The cases will be argued during the court’s next term, which starts in October.

In turning down an earlier appeal from Mr. Buck in 2011 based on assertions of prosecutorial misconduct, five justices expressed misgivings about what had happened at his trial.

Calling Dr. Quijano’s testimony “bizarre and objectionable,” Justice Samuel A. Alito Jr., joined by Justices Antonin Scalia and Stephen G. Breyer, indicated that there were serious questions about the conduct of Mr. Buck’s own lawyers.

“Dr. Quijano’s testimony would provide a basis for reversal of petitioner’s sentence if the prosecution were responsible for presenting that testimony to the jury,” Justice Alito wrote. “But Dr. Quijano was a defense witness, and it was petitioner’s attorney, not the prosecutor, who first elicited Dr. Quijano’s view regarding the correlation between race and future dangerousness.”

Justice Sonia Sotomayor, joined by Justice Elena Kagan, said she would have voted to hear the case even as a challenge to prosecutorial misconduct. She noted that in 2000 the state’s attorney general, John Cornyn, had seemed to promise to allow new sentencings for several inmates, including Mr. Buck, who had been sent to death row based in part on Dr. Quijano’s testimony.

Texas prosecutors now say Mr. Buck’s appeal is barred on procedural grounds.

The justices also agreed on Monday to hear an appeal from Bobby J. Moore, who has been on death row since 1980 for fatally shooting a 72-year-old Houston supermarket clerk, James McCarble, during a robbery. That case, Moore v. Texas, No. 15-797, raises questions about whether Texas uses outdated standards in assessing whether a defendant’s intellectual disability was severe enough to bar his execution.

When the court ruled in 2002 in Atkins v. Virginia that the Constitution forbade the execution of people with mental disabilities, it gave states only general guidance. It said a finding of intellectual disability required proof of three things: “subaverage intellectual functioning,” meaning low I.Q. scores; a lack of fundamental social and practical skills; and the presence of both conditions before age 18. The court said I.Q. scores under “approximately 70” typically indicated disability.
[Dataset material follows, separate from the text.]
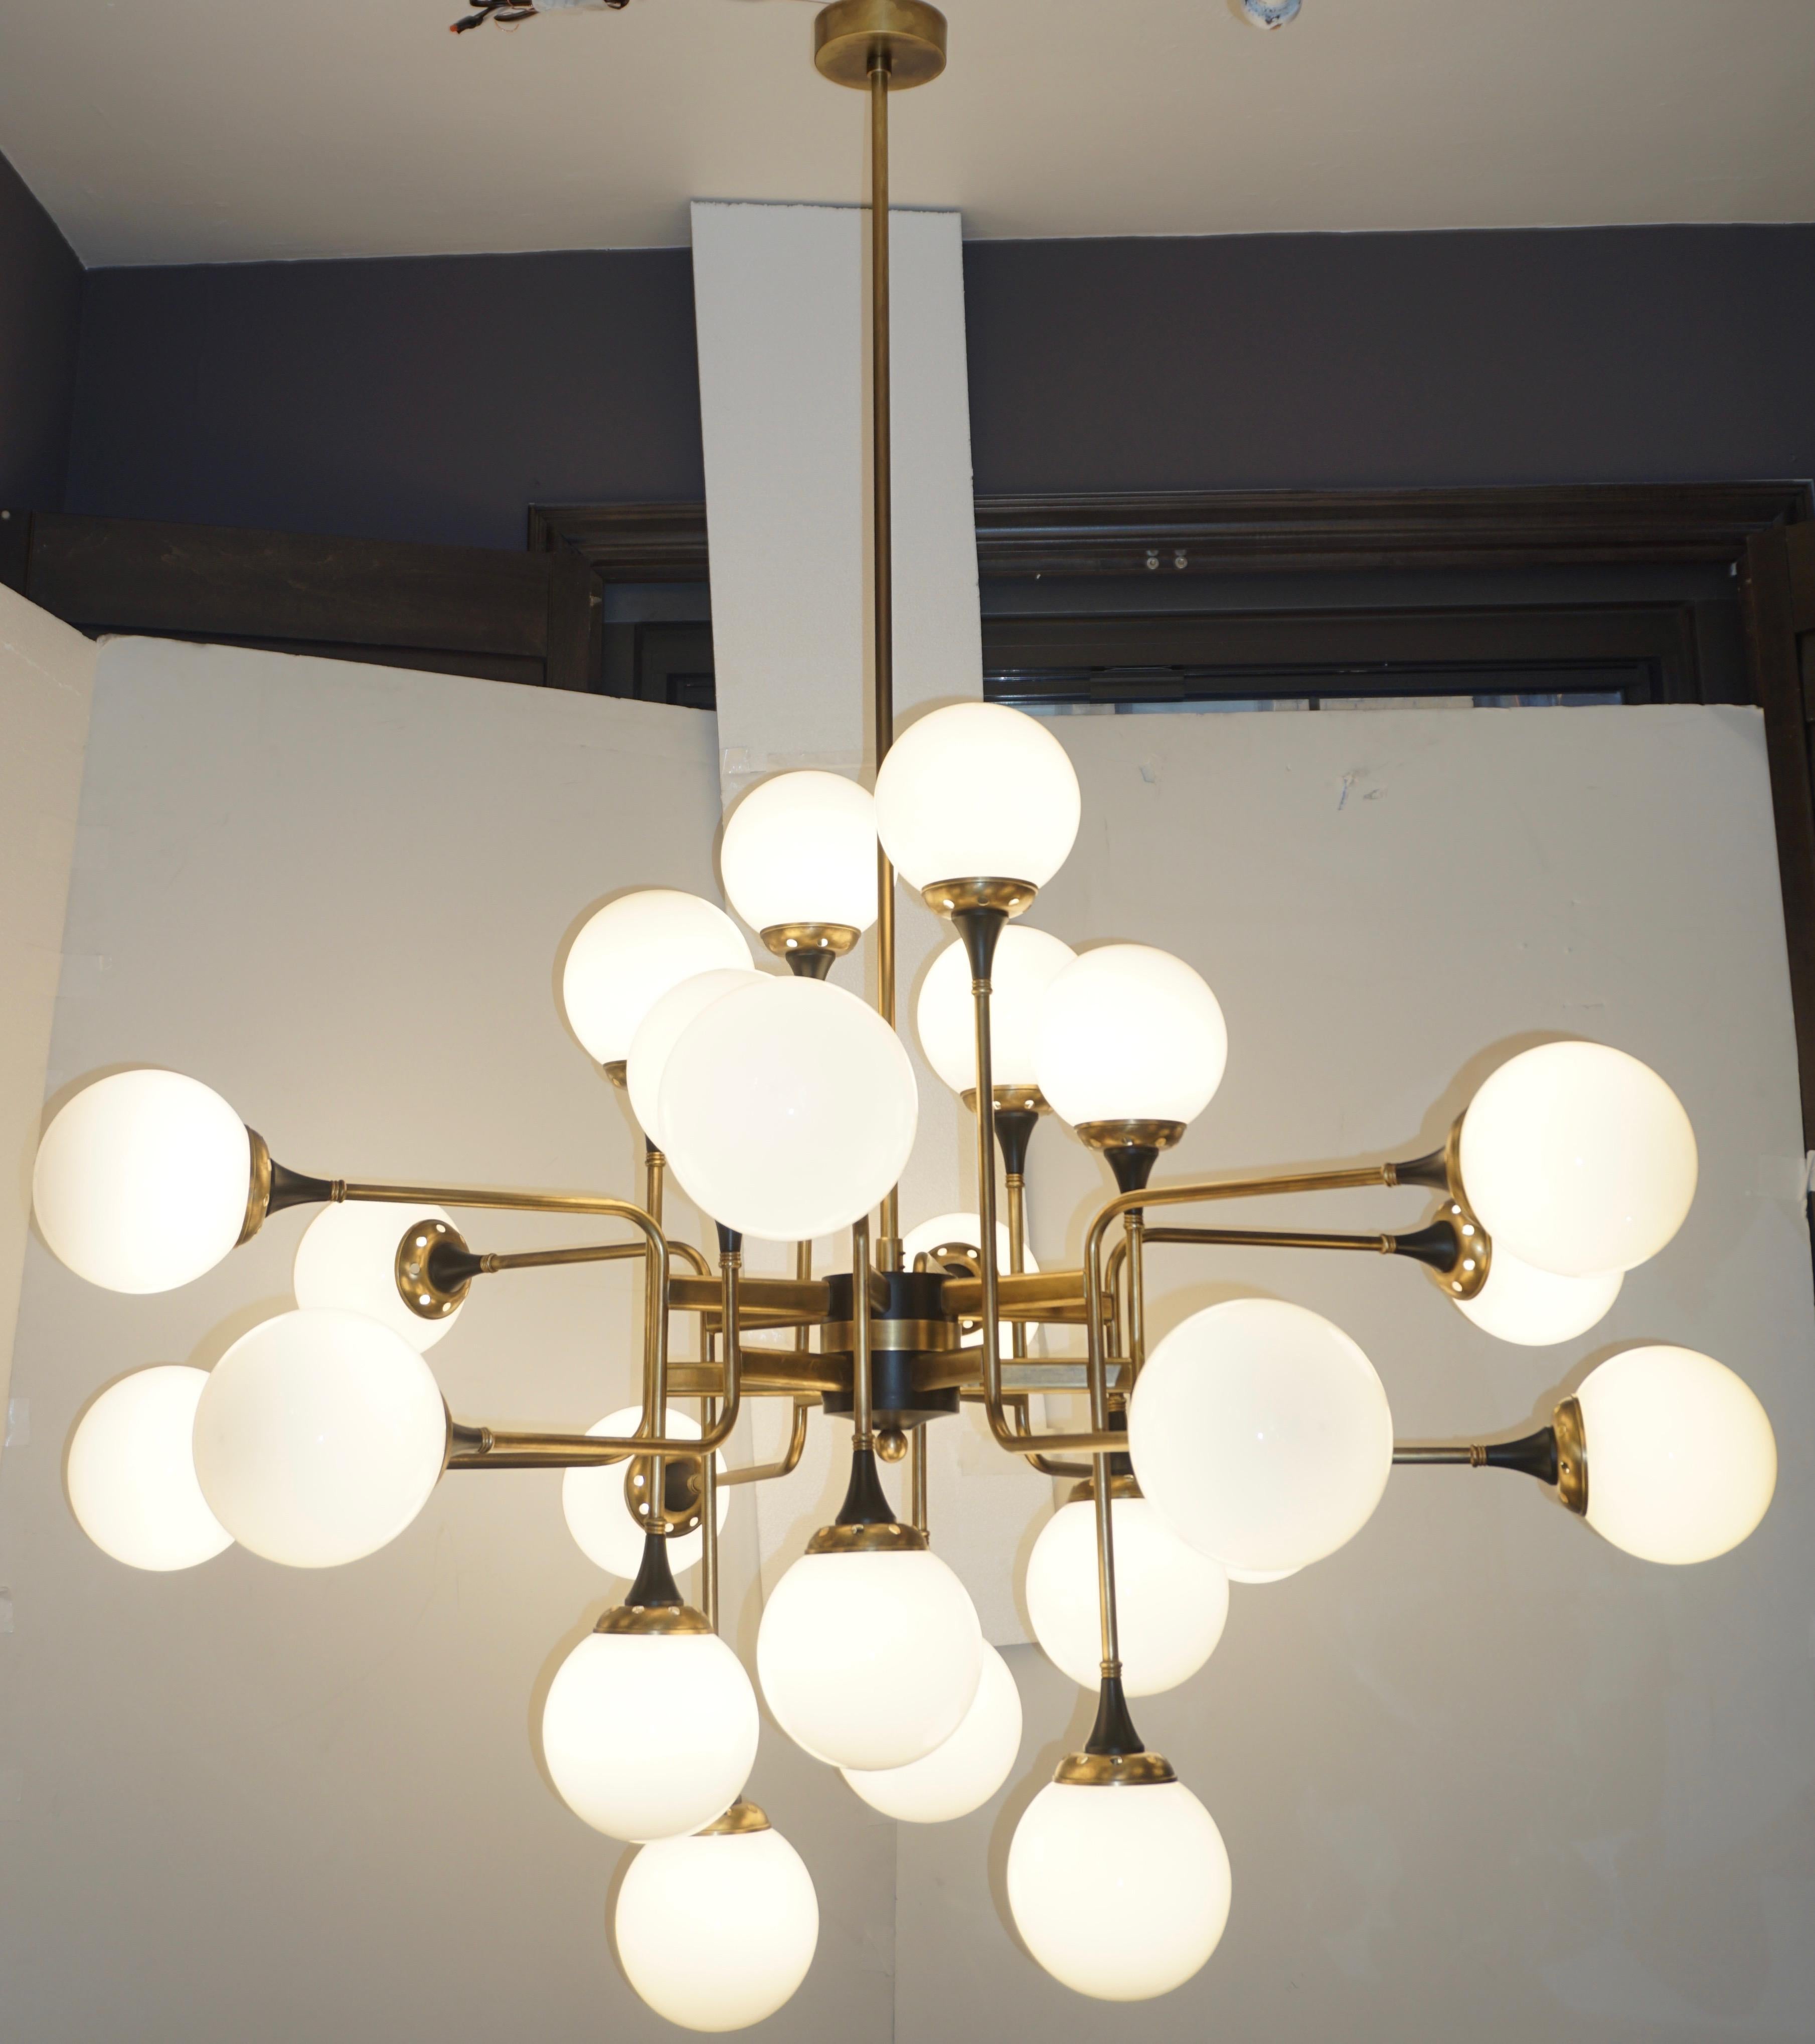 Contemporary custom made chandelier of grand scale and mid-century modern geometric design with a Sputnik inspiration, entirely handcrafted in Italy. The brass structure with a vintage finish is composed of 12 asymmetric bent arms to support 24

In 2014, in Hall v. Florida, though, the court ruled that Florida’s I.Q. score cutoff was too rigid to decide which mentally disabled individuals must be spared the death penalty.

“Florida seeks to execute a man because he scored a 71 instead of 70 on an I.Q. test,” Justice Anthony M. Kennedy wrote for the majority in a 5-to-4 decision.

In Mr. Moore’s case, a trial court found that he was intellectually disabled and constitutionally ineligible for the death penalty. An appeals court reversed that decision, saying the lower court had erred by “employing the definition of intellectual disability presently used.”

The appeals court ruled that a 23-year-old standard applied instead and that, under it, Mr. Moore was not intellectually disabled.

When the Supreme Court announced on Monday morning that it would hear Mr. Moore’s case, it said the justices would also consider a second question: whether executing a condemned inmate more than 35 years after he was sentenced to death violates the Eighth Amendment’s prohibition against cruel and unusual punishment.

Some two hours later, the court issued a revised order, limiting its review to the intellectual-disability issue.

Two members of the court, Justices Kennedy and Breyer, have invited challenges to prolonged solitary confinement. “Years on end of near total isolation exact a terrible price,” Justice Kennedy wrote, for instance, in a concurrence last year, adding that “the condition in which prisoners are kept simply has not been a matter of sufficient public inquiry or interest.”

The two justices will now have to await another case.

The court also agreed to hear an appeal in a gerrymandering challenge to Virginia’s legislative map, Bethune-Hill v. Virginia Board of Elections, No. 15-680. That case will also be argued in the next term.